What is needed>
The lines to retype run from the one containing "Church altar with black cross on wall" through the end of the listing below. Reproduce them exactly, leaving out pictures.

Dataset section>
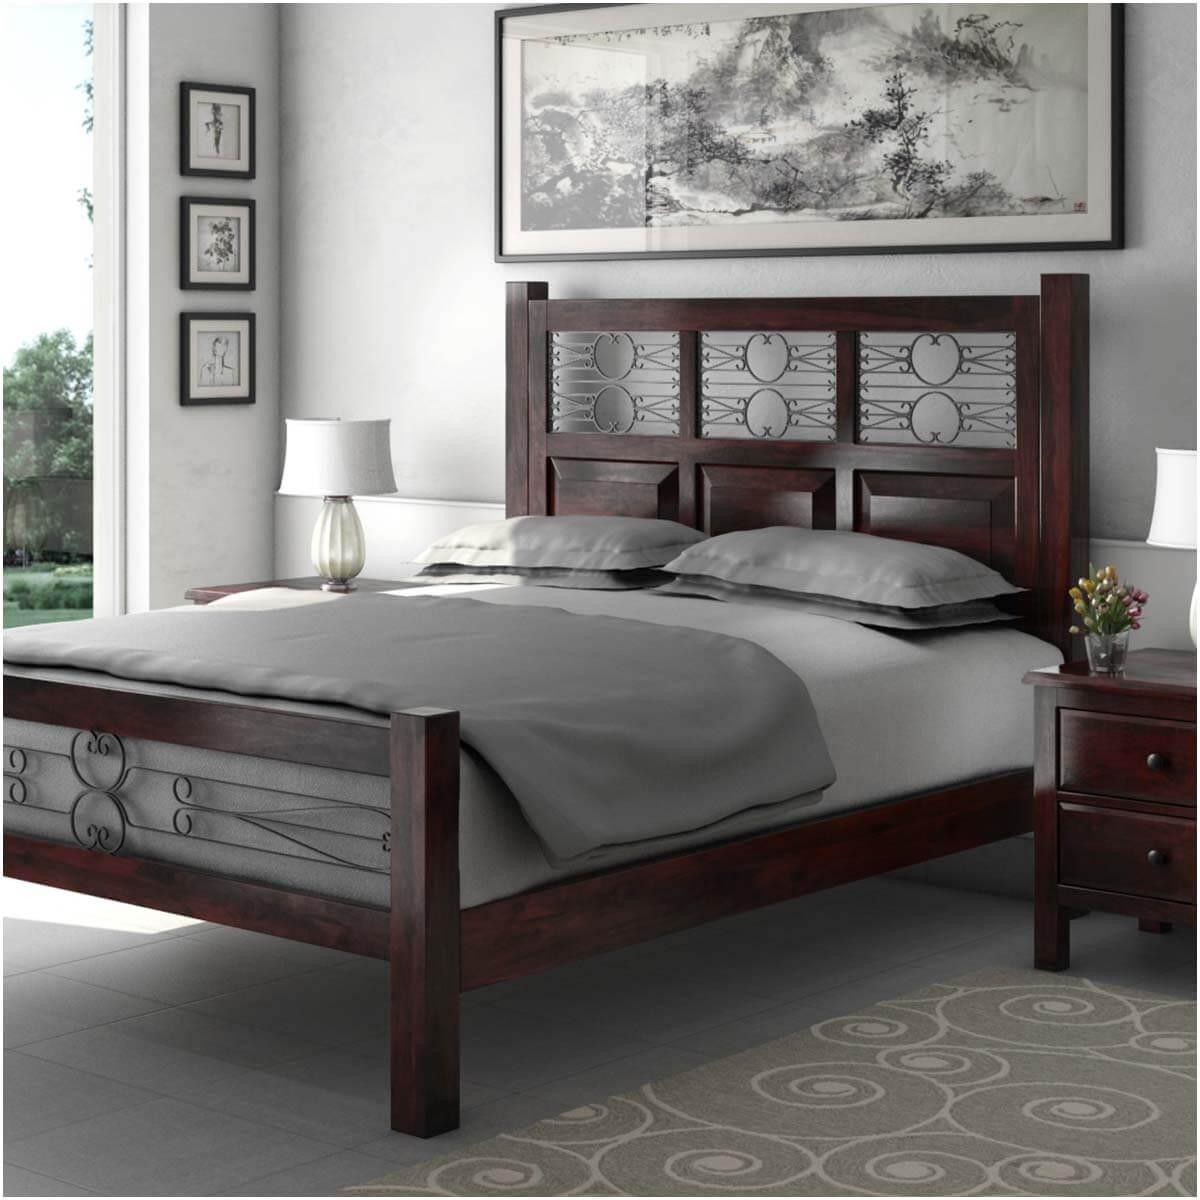 Mission Romance Solid Wood & Iron Platform Bed
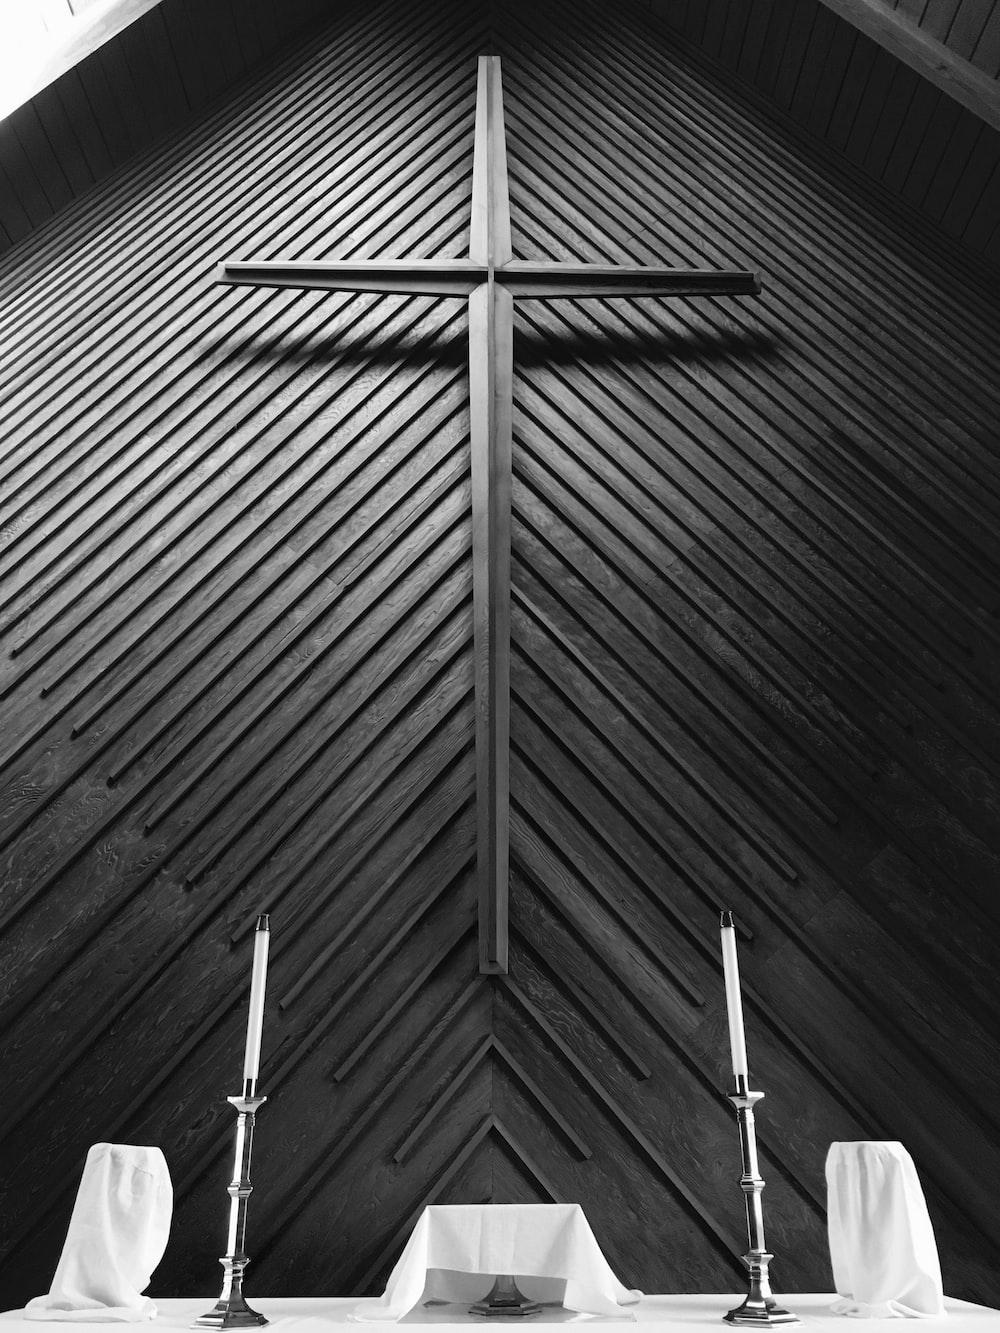 Church altar with black cross on wall
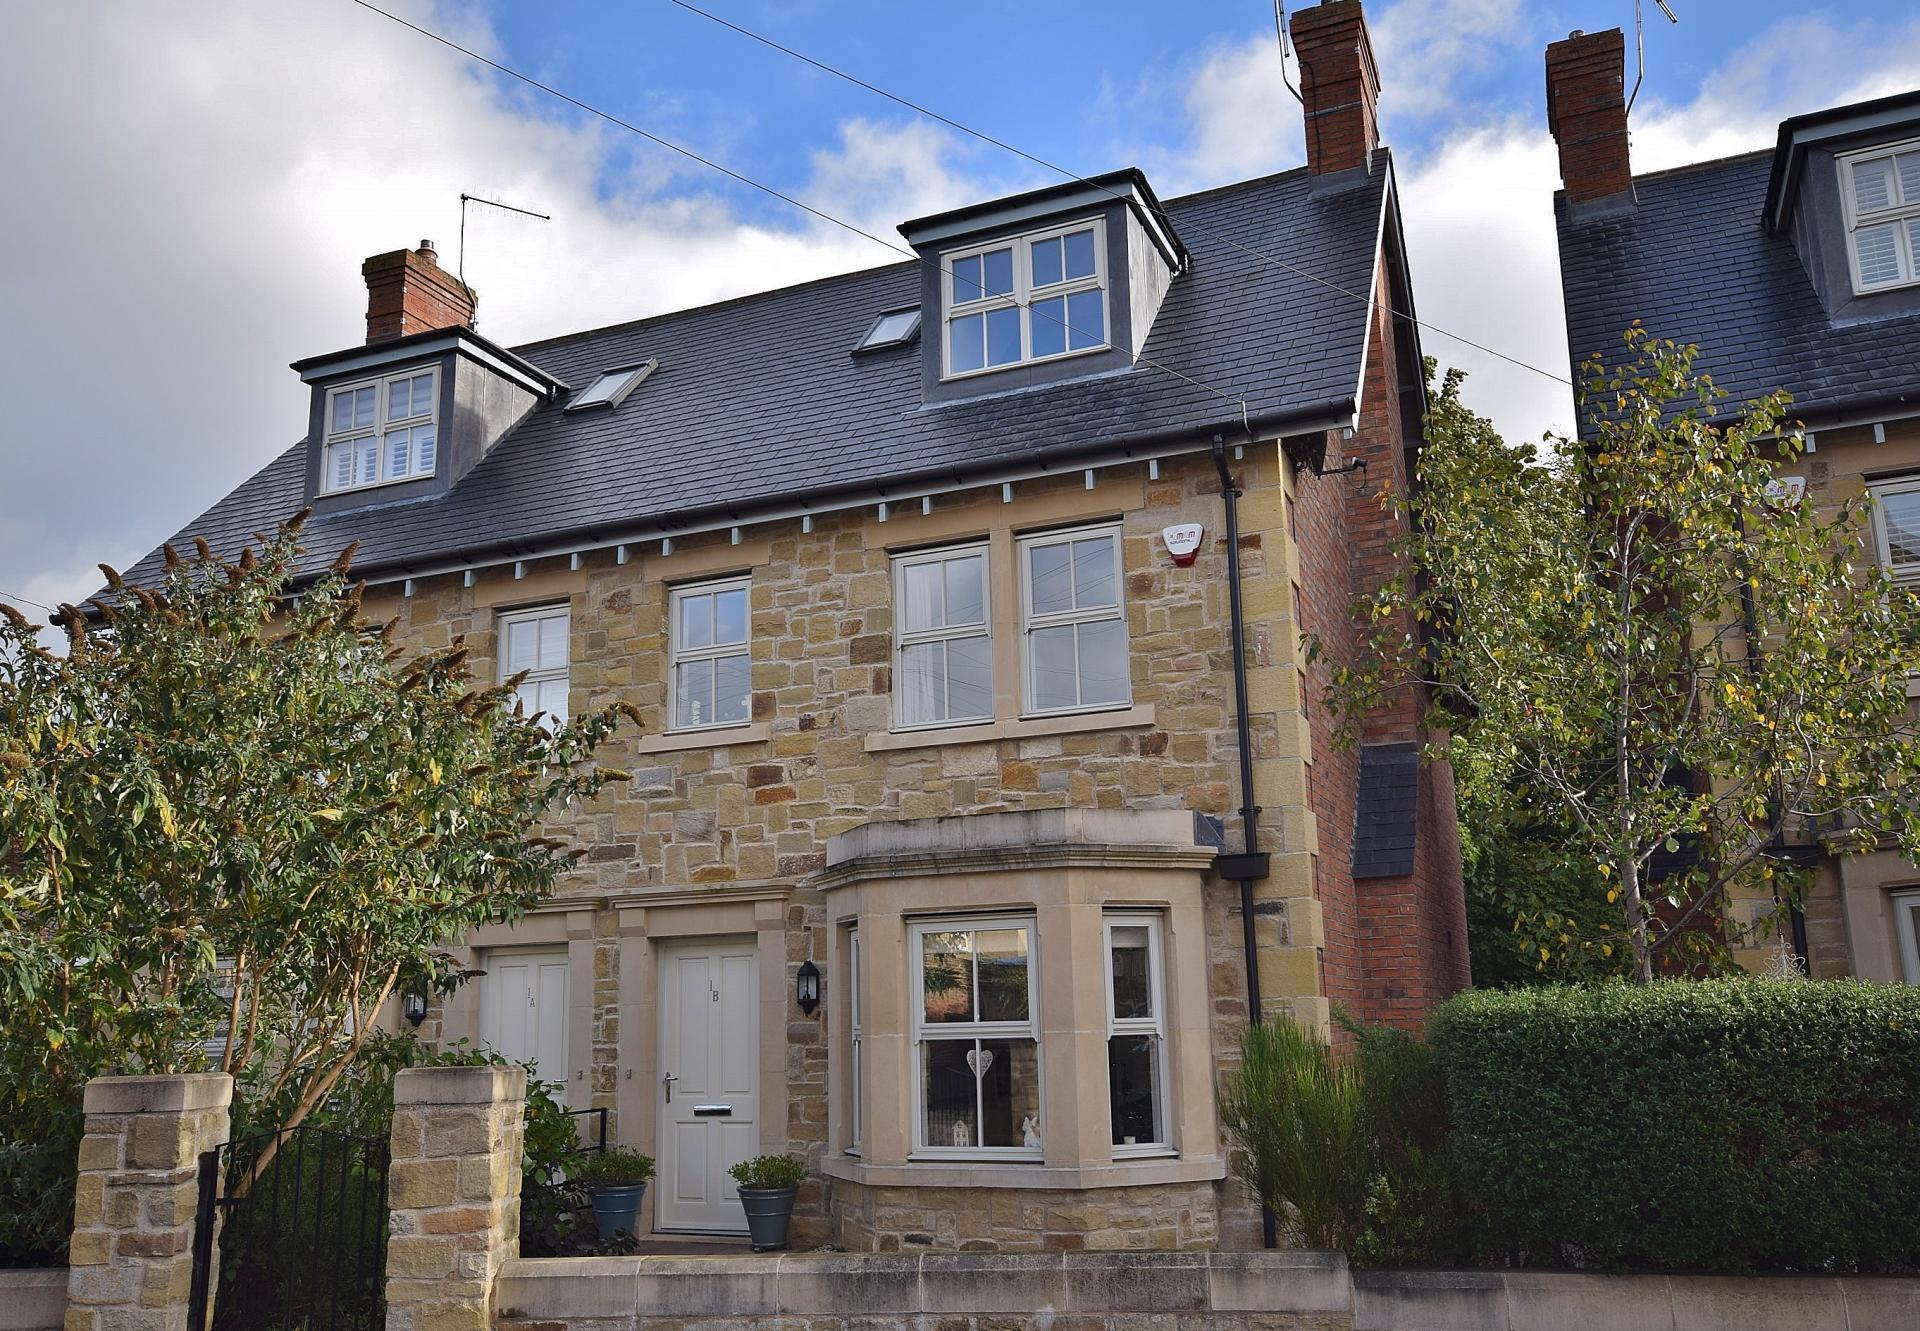 4 Bedrooms Property for sale in Shaftoe Crescent, Hexham
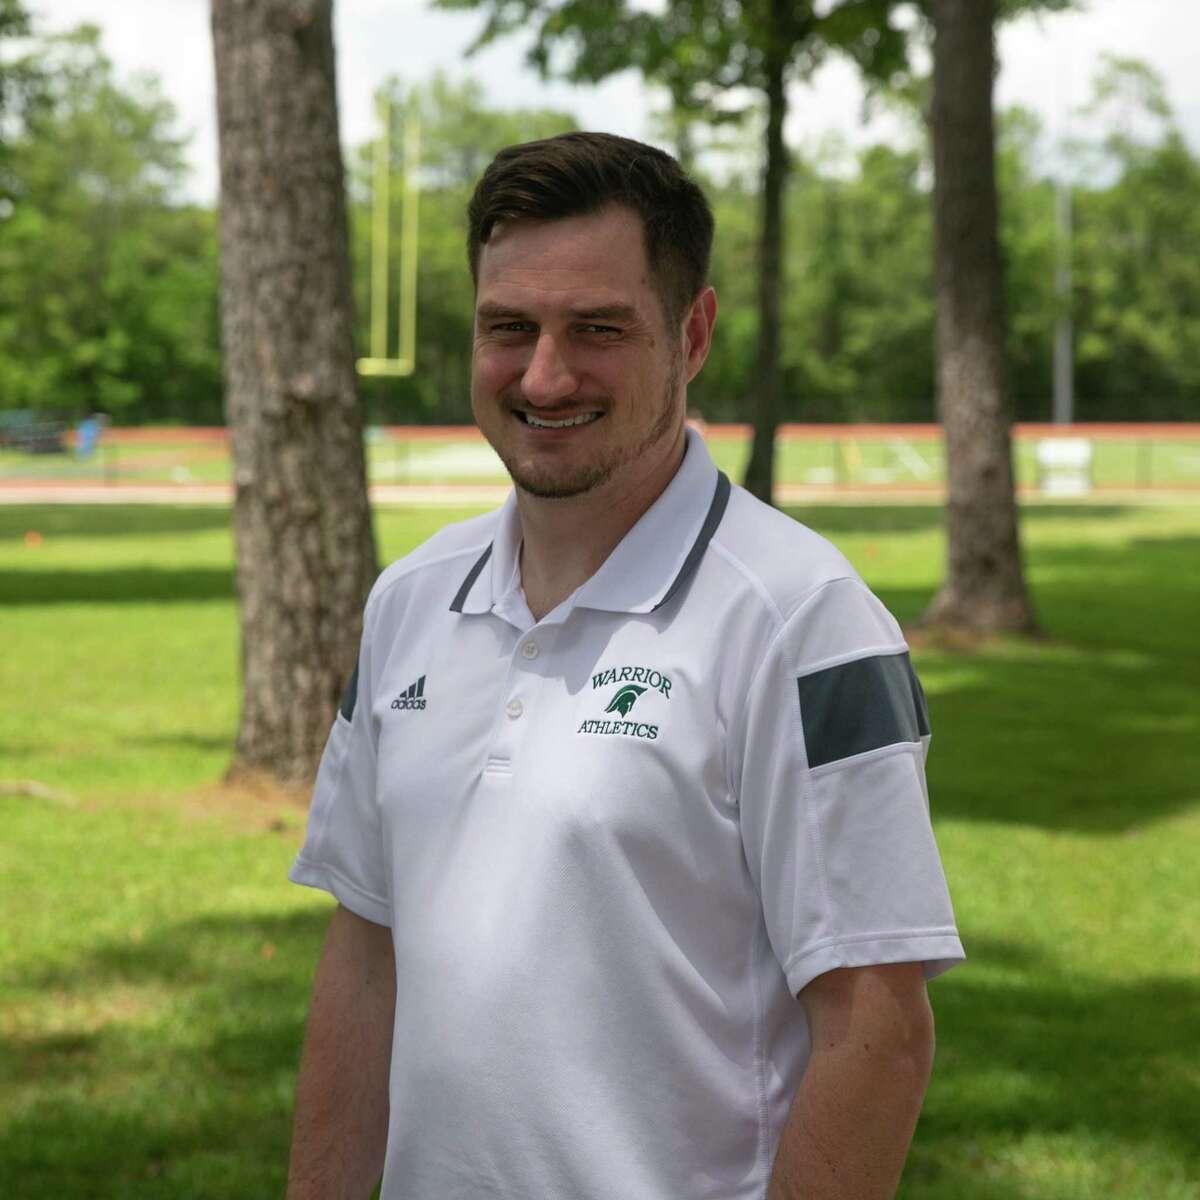 TWCA soccer coach Chris White.

Your response>
 Church altar with black cross on wall
 4 Bedrooms Property for sale in Shaftoe Crescent, Hexham
 TWCA soccer coach Chris White.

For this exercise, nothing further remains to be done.